ECLI:NL:RBDHA:2024:335
Rechtbank Den Haag
- Eerste aanleg - enkelvoudig
- Rechtspraak.nl
Beoordeling van het beroep tegen het niet in behandeling nemen van een asielaanvraag op basis van het interstatelijk vertrouwensbeginsel
In deze uitspraak beoordeelt de Rechtbank Den Haag het beroep van eiser tegen het niet in behandeling nemen van zijn asielaanvraag door de staatssecretaris van Justitie en Veiligheid. De staatssecretaris heeft de aanvraag met het bestreden besluit van 22 november 2023 niet in behandeling genomen, omdat Duitsland verantwoordelijk zou zijn voor de aanvraag. De rechtbank heeft het beroep op 20 december 2023 behandeld, waarbij de gemachtigde van de staatssecretaris aanwezig was, maar eiser en zijn gemachtigde niet verschenen.
De rechtbank concludeert dat de staatssecretaris terecht heeft geoordeeld dat Duitsland verantwoordelijk is voor de asielaanvraag van eiser, op basis van de Dublinverordening. Eiser heeft betoogd dat Duitsland niet voldoet aan de Europese richtlijnen en dat hij daar niet veilig is, maar de rechtbank oordeelt dat hij onvoldoende bewijs heeft geleverd om het interstatelijk vertrouwensbeginsel te weerleggen. De rechtbank wijst erop dat de staatssecretaris mag uitgaan van dit beginsel, tenzij de vreemdeling aannemelijk maakt dat dit niet het geval is.

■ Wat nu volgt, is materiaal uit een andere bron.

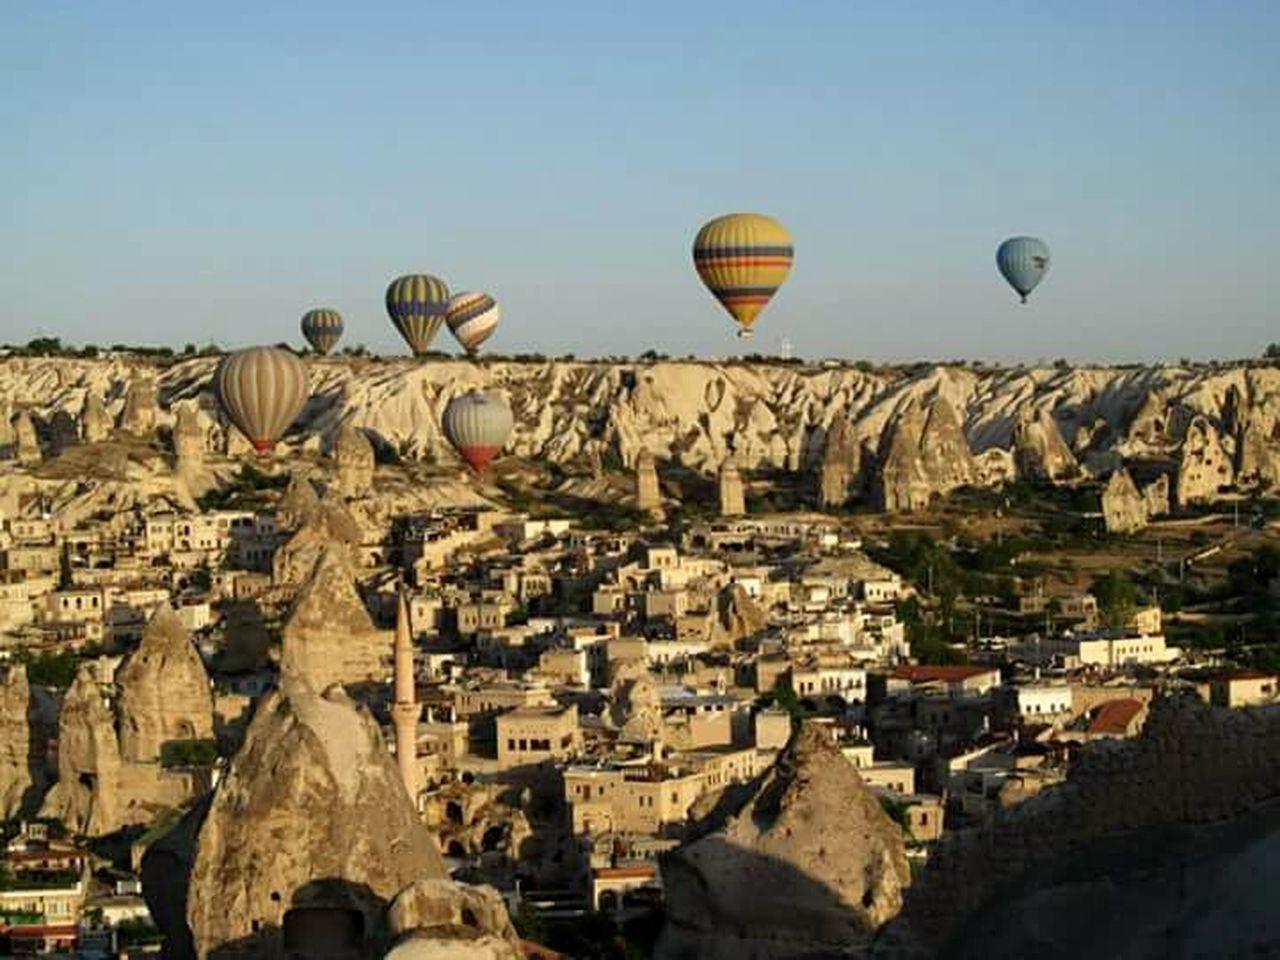 Kapadokya Kapadokyaballoons Baloons Awsomenature Oldsity On The Road Feel The Journey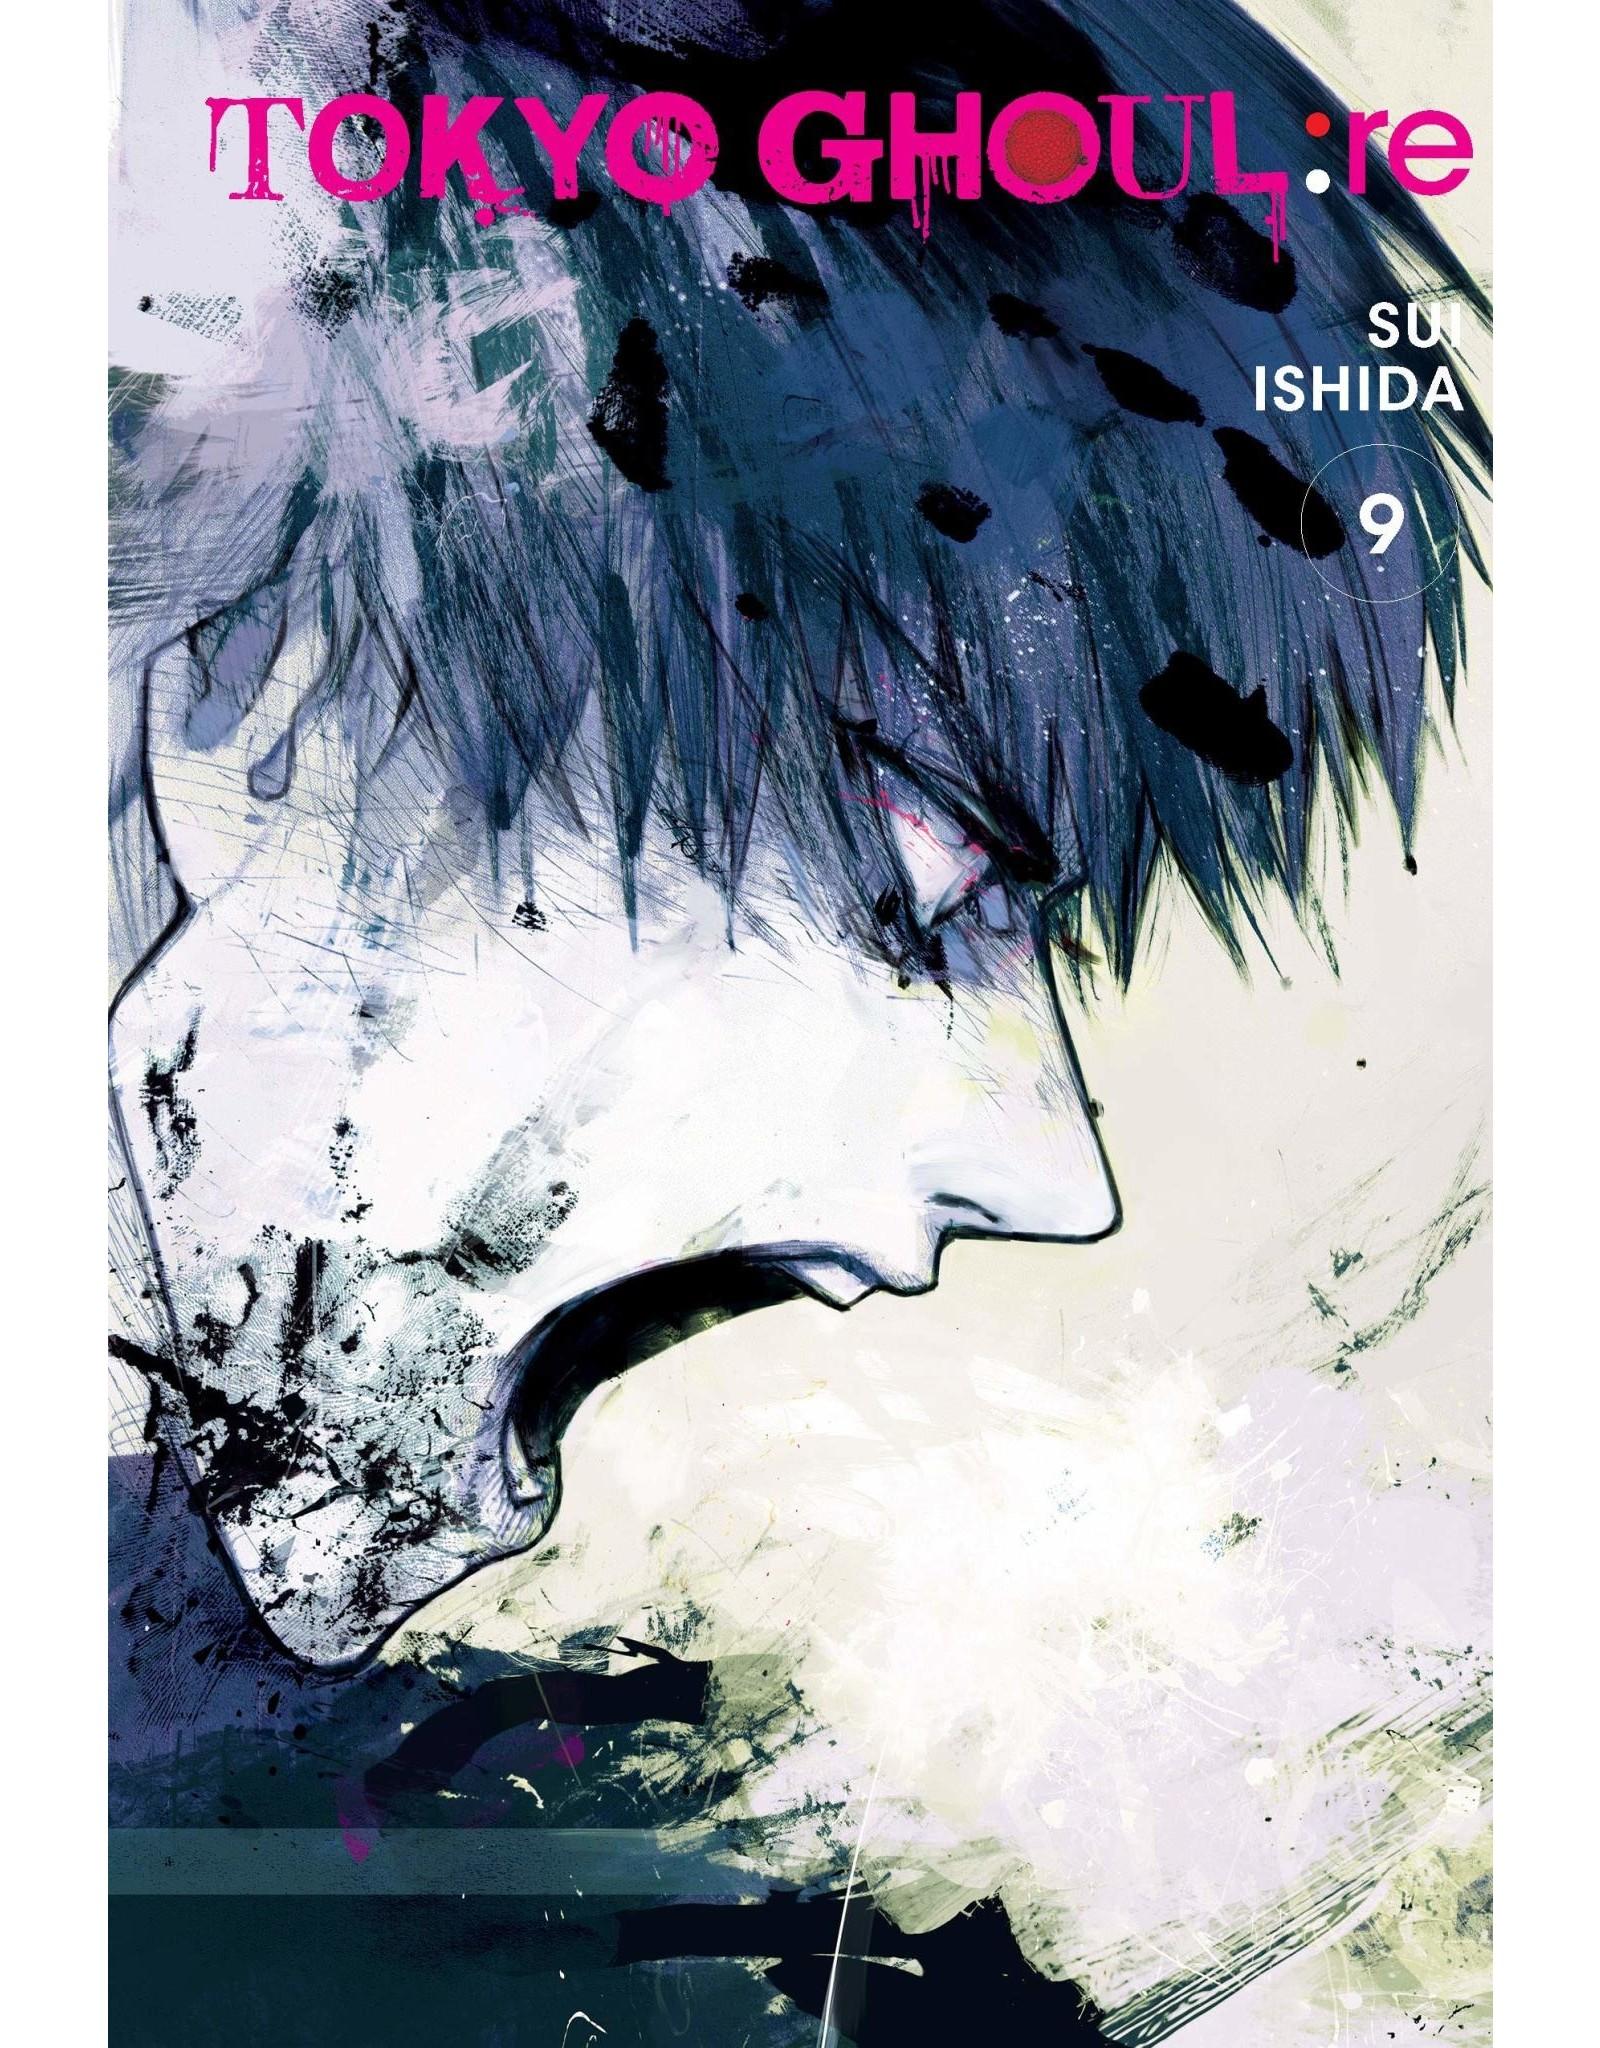 Tokyo Ghoul:re 09 (English Version)

Eiser heeft verwezen naar het AIDA-rapport, maar de rechtbank stelt vast dat dit rapport niet voldoende onderbouwt dat er sprake is van systematische tekortkomingen in de opvang in Duitsland. Ook zijn de argumenten van eiser over de toegang tot rechtsbijstand en de veiligheid in Duitsland niet overtuigend genoeg om het besluit van de staatssecretaris te weerleggen. De rechtbank verklaart het beroep ongegrond, wat betekent dat de staatssecretaris de aanvraag terecht niet in behandeling heeft genomen. Eiser krijgt geen proceskostenvergoeding.